*** Opening of STUDY MATERIAL ***
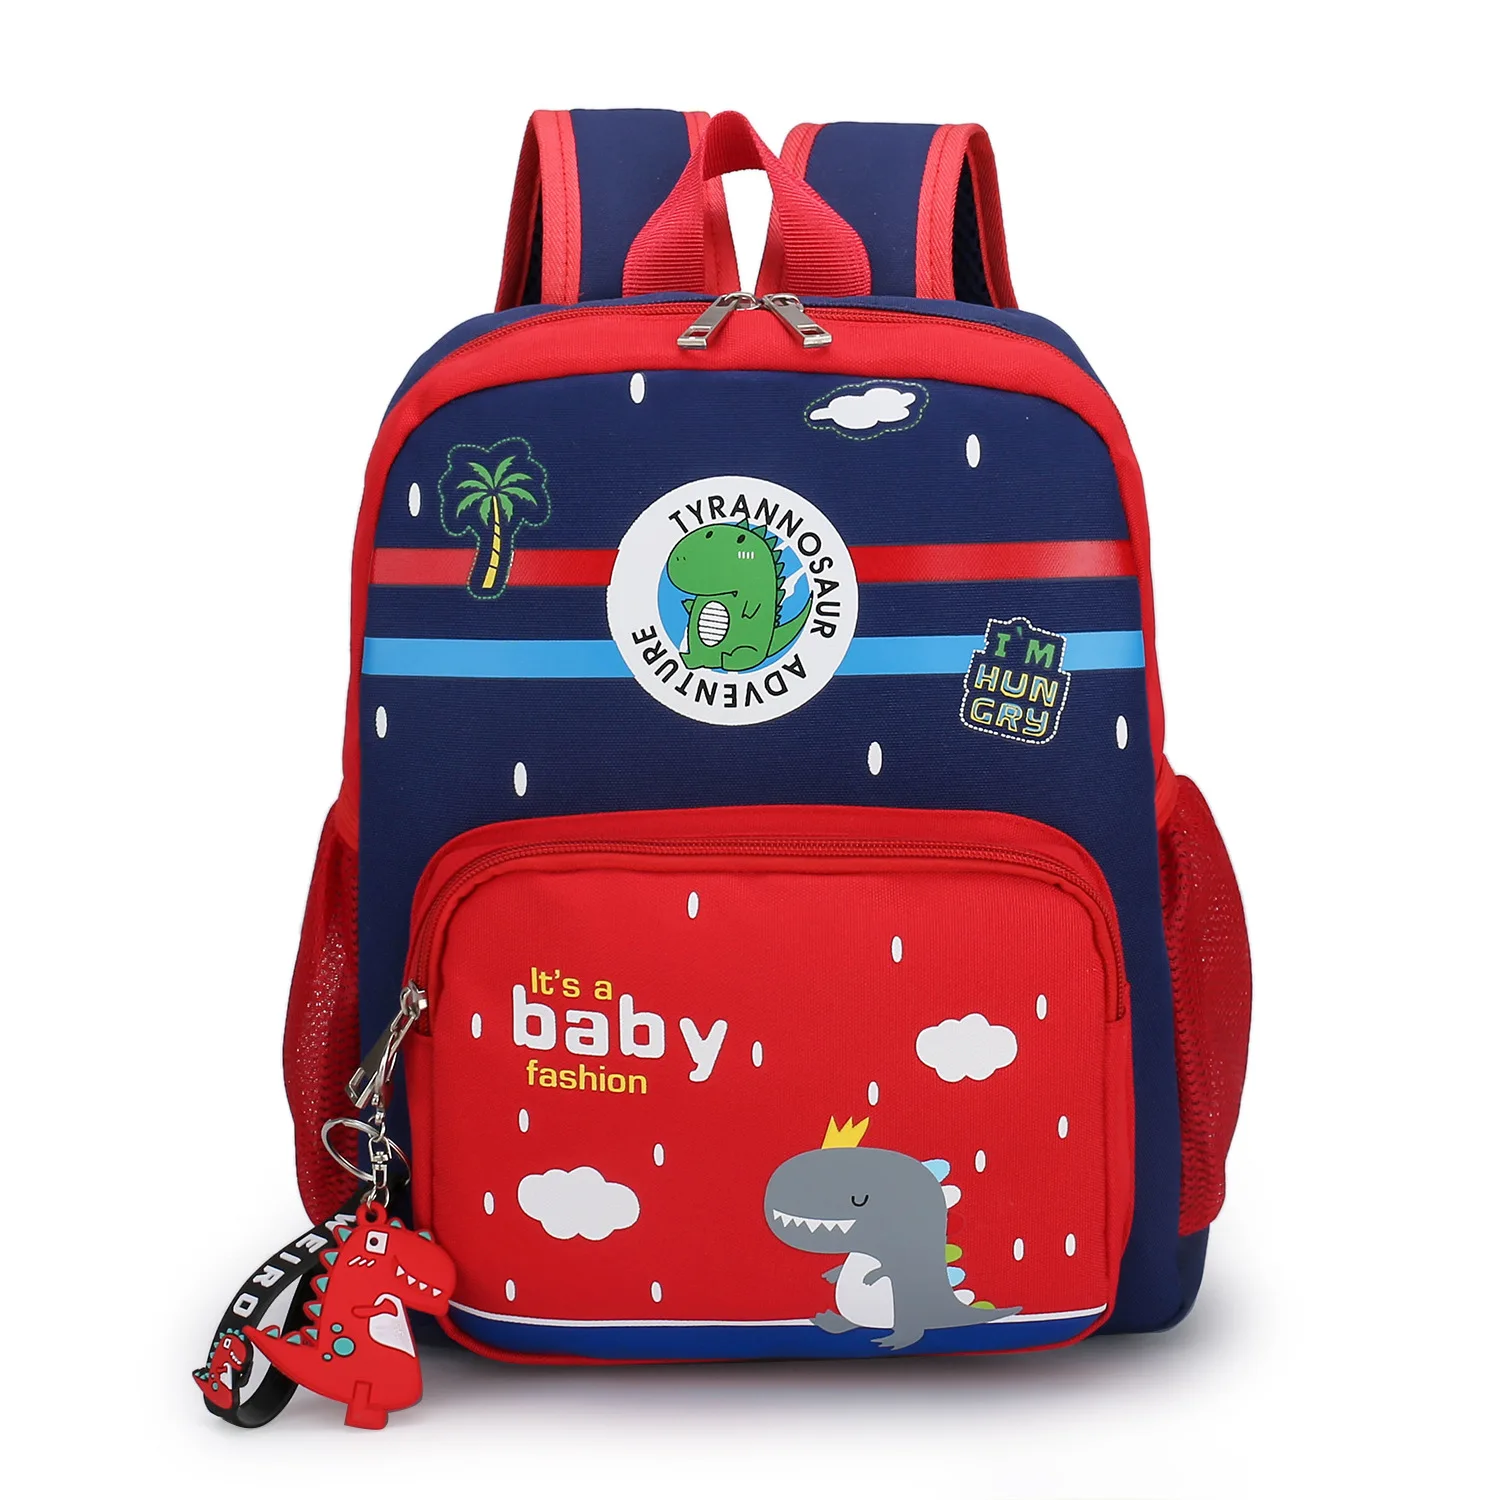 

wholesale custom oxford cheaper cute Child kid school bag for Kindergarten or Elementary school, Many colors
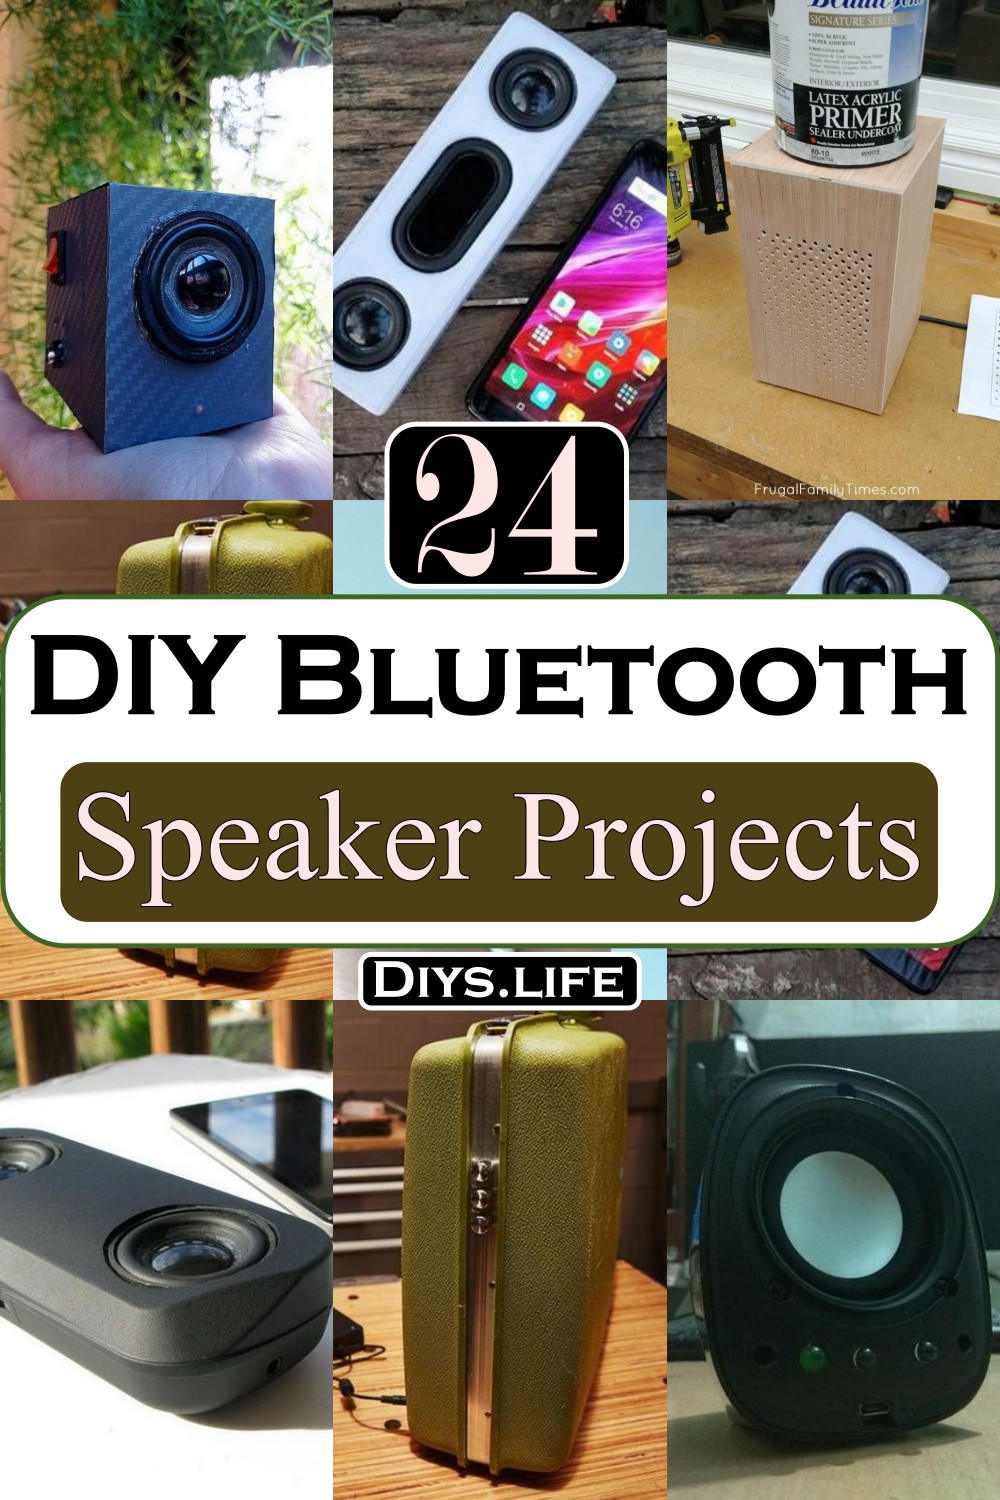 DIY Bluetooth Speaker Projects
*** Close of STUDY MATERIAL ***
*** Opening of STUDY MATERIAL ***
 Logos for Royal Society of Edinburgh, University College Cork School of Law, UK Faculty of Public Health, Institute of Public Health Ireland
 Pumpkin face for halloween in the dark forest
*** Close of STUDY MATERIAL ***
- PROBLEM TO SOLVE
Repeat, exactly as they stand above, the lines from the line with "Logos for Royal" to the line with "Pumpkin face for", both lines included.

- RESPONSE TO THIS TASK
 Logos for Royal Society of Edinburgh, University College Cork School of Law, UK Faculty of Public Health, Institute of Public Health Ireland
 Pumpkin face for halloween in the dark forest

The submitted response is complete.